**Available data**
------------------------------------------------------------

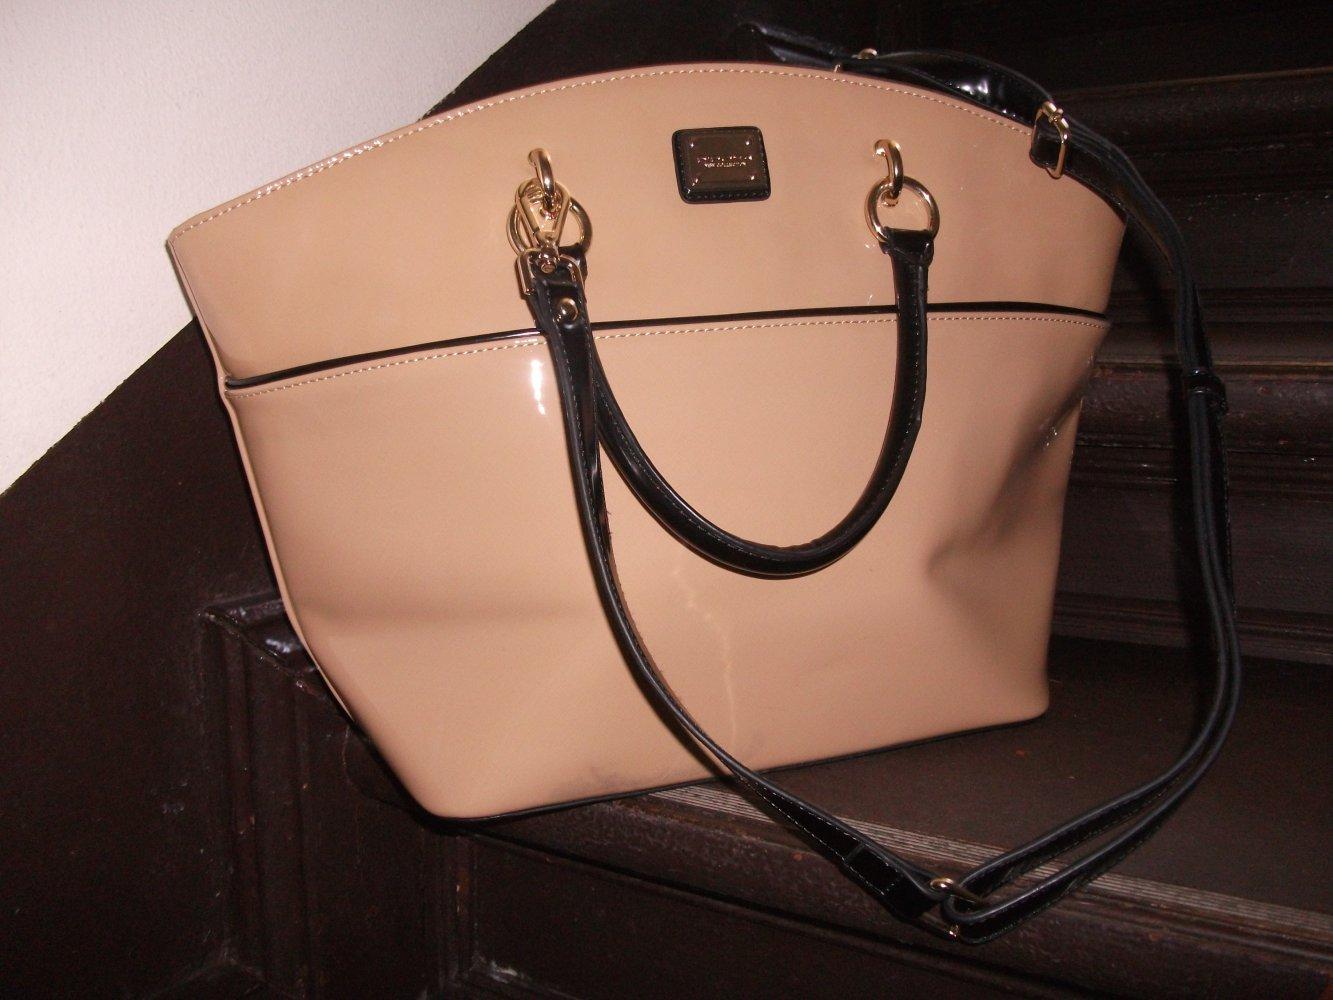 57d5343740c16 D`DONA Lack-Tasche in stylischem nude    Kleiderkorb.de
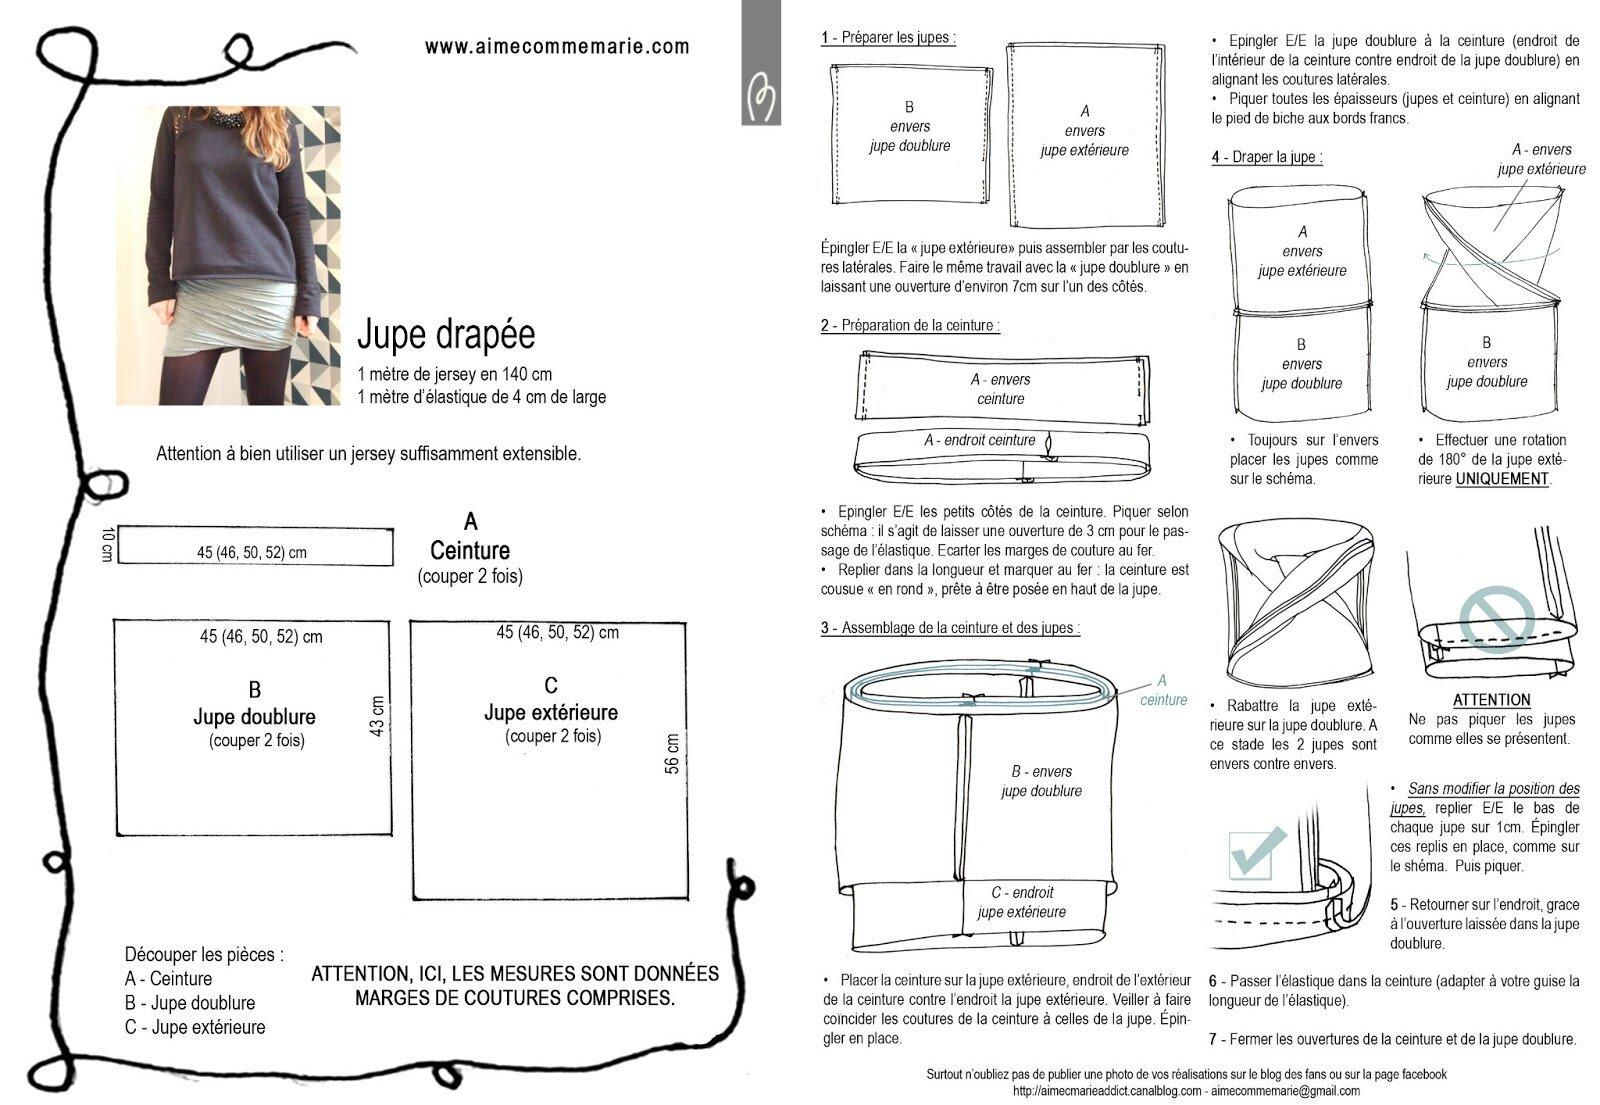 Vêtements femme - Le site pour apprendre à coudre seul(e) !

------------------------------------------------------------

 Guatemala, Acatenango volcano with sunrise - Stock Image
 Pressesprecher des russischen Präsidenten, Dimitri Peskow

------------------------------------------------------------

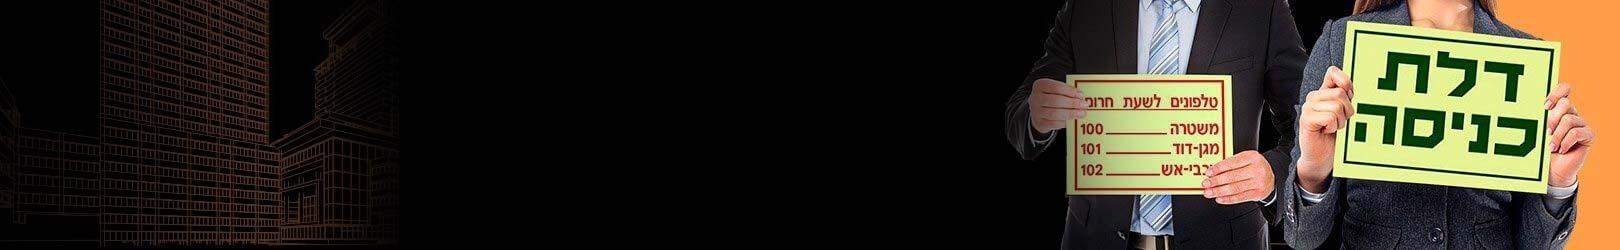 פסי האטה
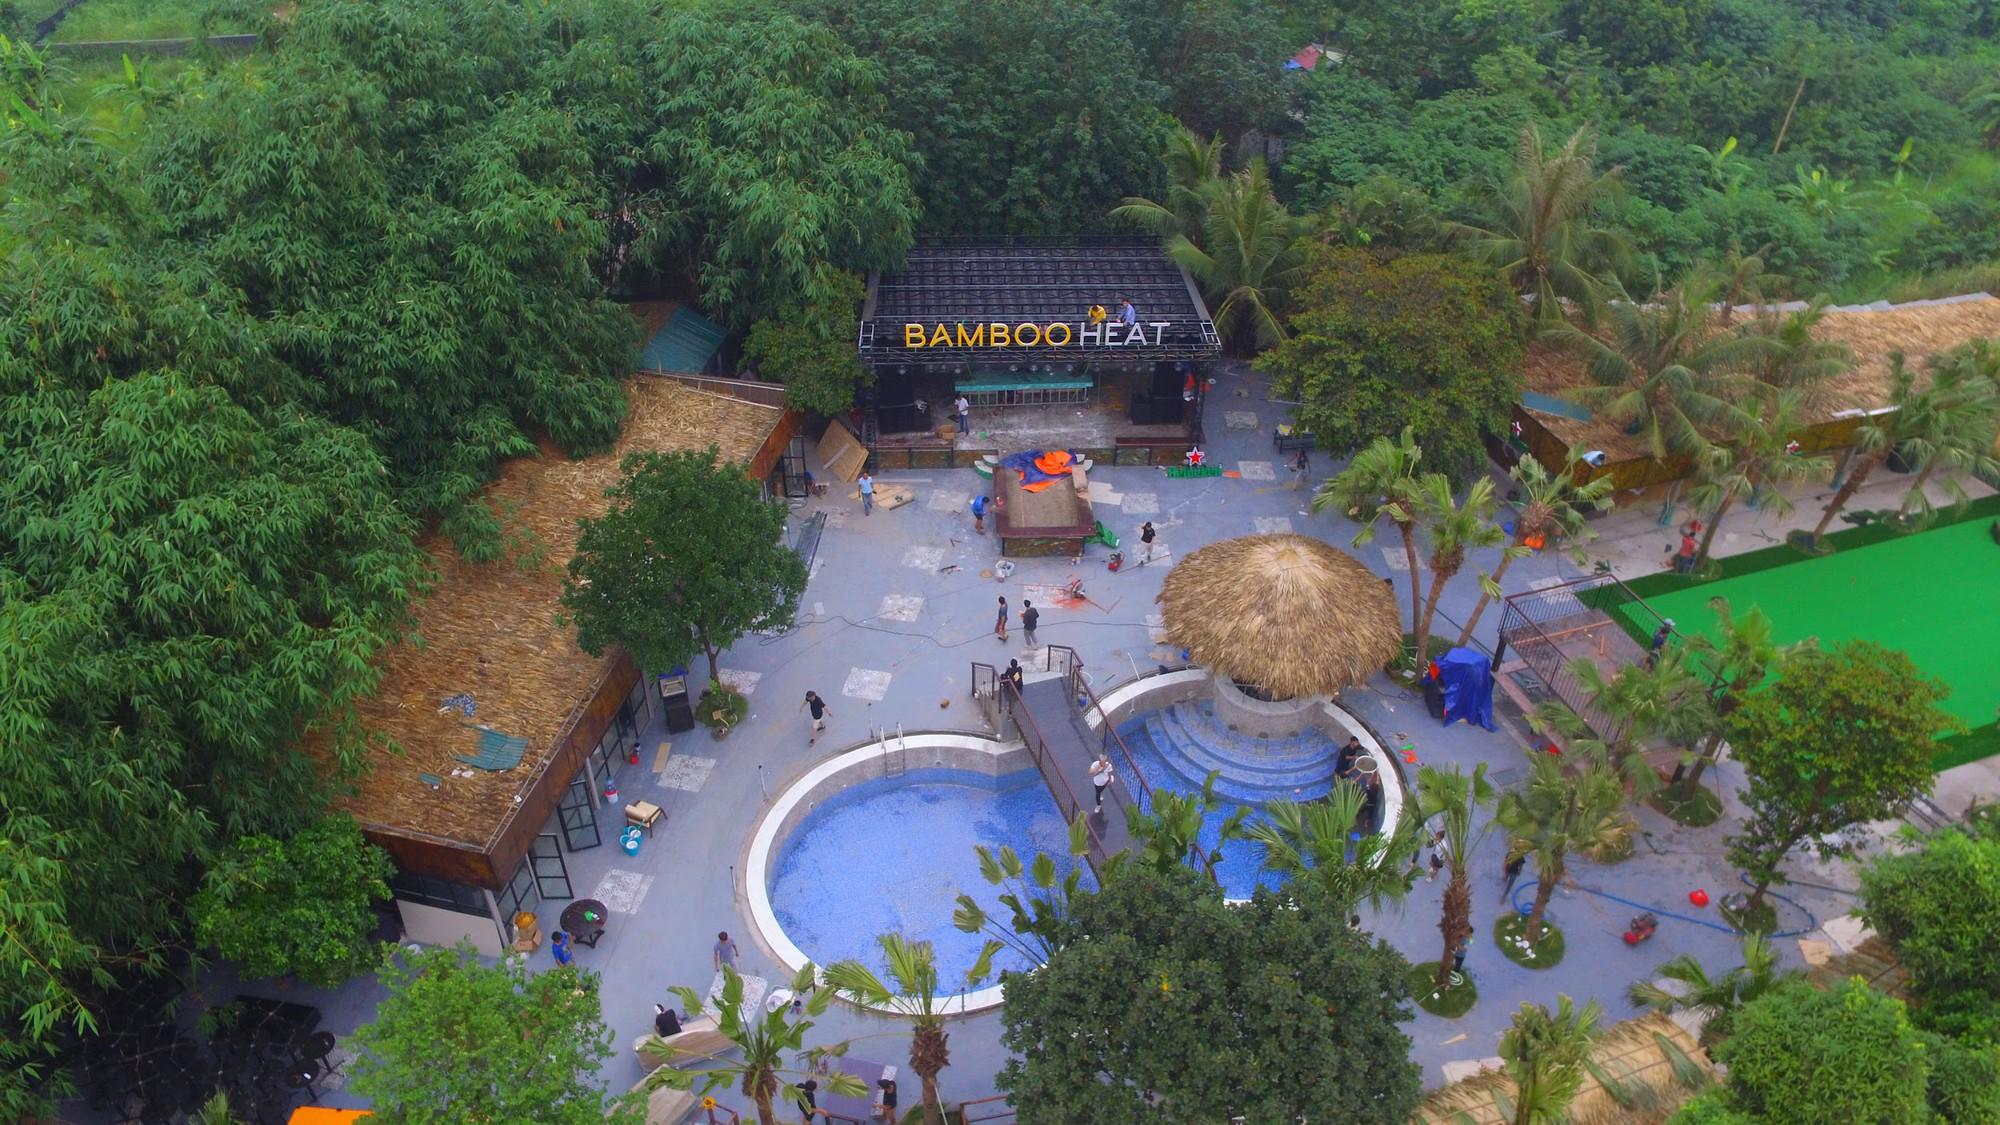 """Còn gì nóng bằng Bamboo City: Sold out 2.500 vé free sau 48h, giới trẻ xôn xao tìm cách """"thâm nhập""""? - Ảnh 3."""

------------------------------------------------------------

**What the exercise asks**
What belongs in the answer is each line above from the line with "Lack-Tasche in stylischem" to the line with "Vêtements femme - Le", inclusive, reproduced exactly and free of pictures.

**Result of this exercise**
 57d5343740c16 D`DONA Lack-Tasche in stylischem nude    Kleiderkorb.de
 Vêtements femme - Le site pour apprendre à coudre seul(e) !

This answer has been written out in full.